[Information supplied — start]
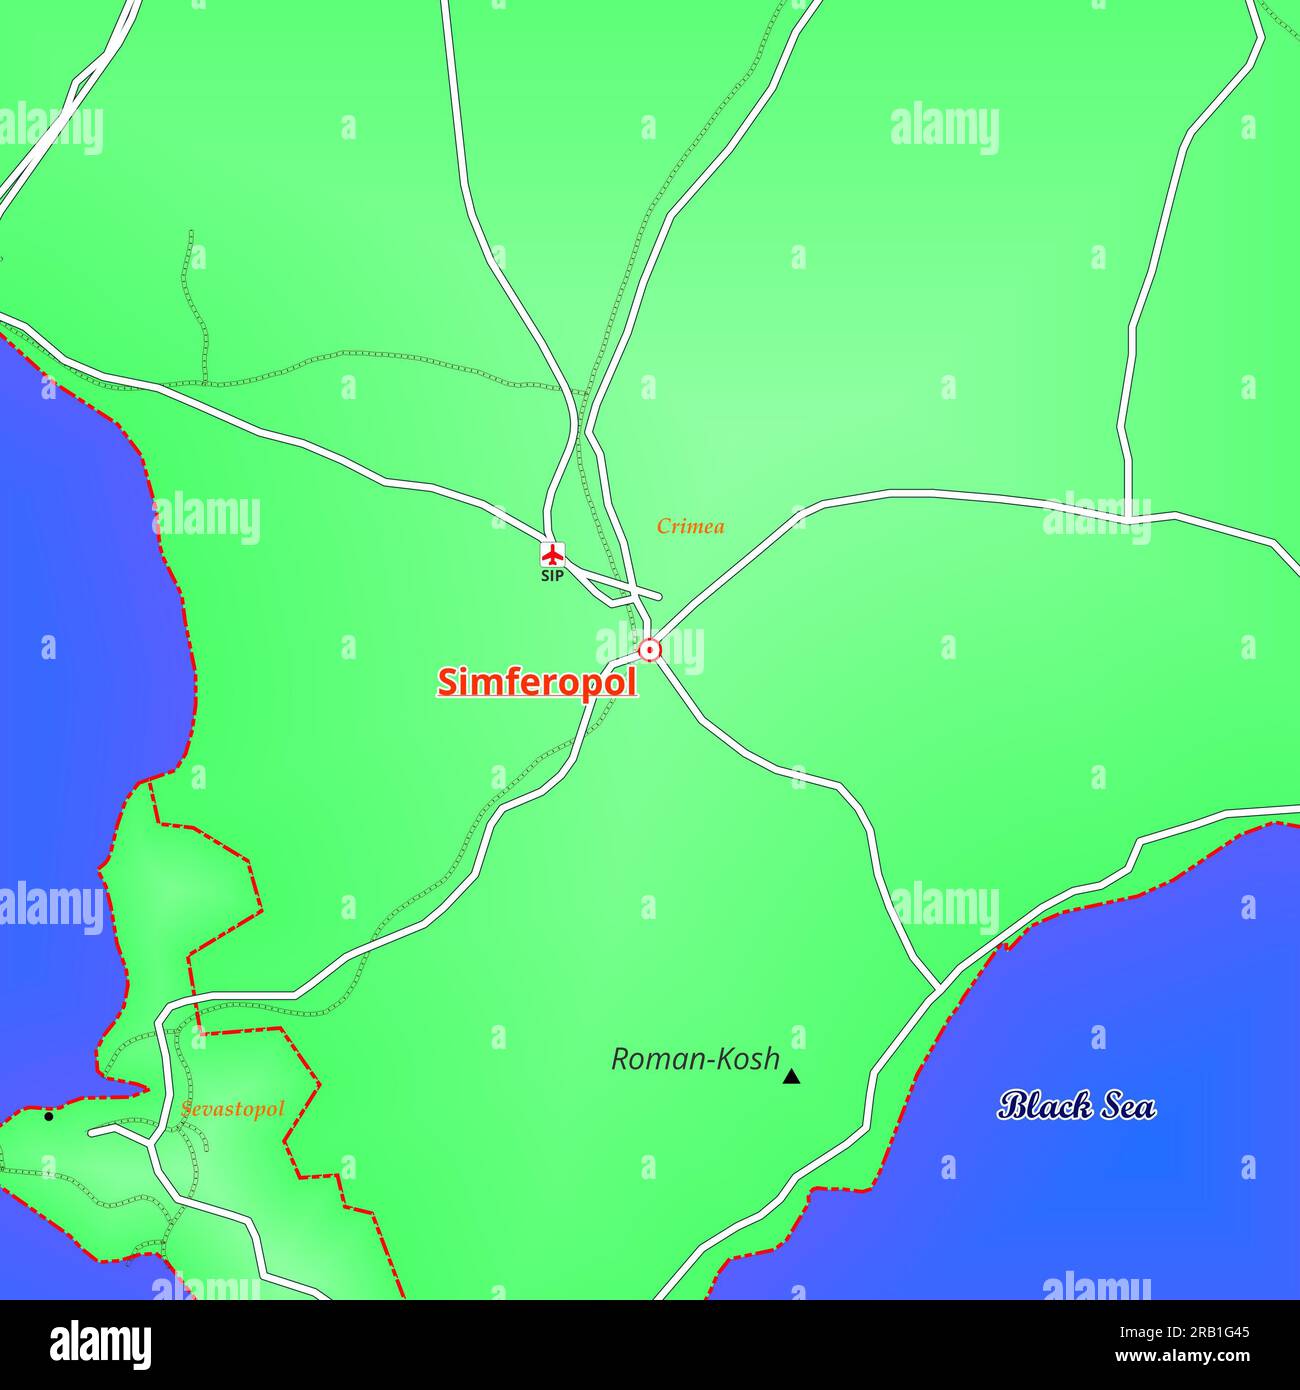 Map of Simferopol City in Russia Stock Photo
[Information supplied — finish]
[Information supplied — start]
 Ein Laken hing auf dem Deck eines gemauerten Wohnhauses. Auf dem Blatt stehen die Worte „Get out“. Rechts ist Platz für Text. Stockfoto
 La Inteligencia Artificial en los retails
[Information supplied — finish]
• [Description of the task] Lines to set down from above: the line with "Ein Laken hing", the line with "La Inteligencia Artificial en los retails", and every line between, each exactly as written.

• [Answer to the exercise]
 Ein Laken hing auf dem Deck eines gemauerten Wohnhauses. Auf dem Blatt stehen die Worte „Get out“. Rechts ist Platz für Text. Stockfoto
 La Inteligencia Artificial en los retails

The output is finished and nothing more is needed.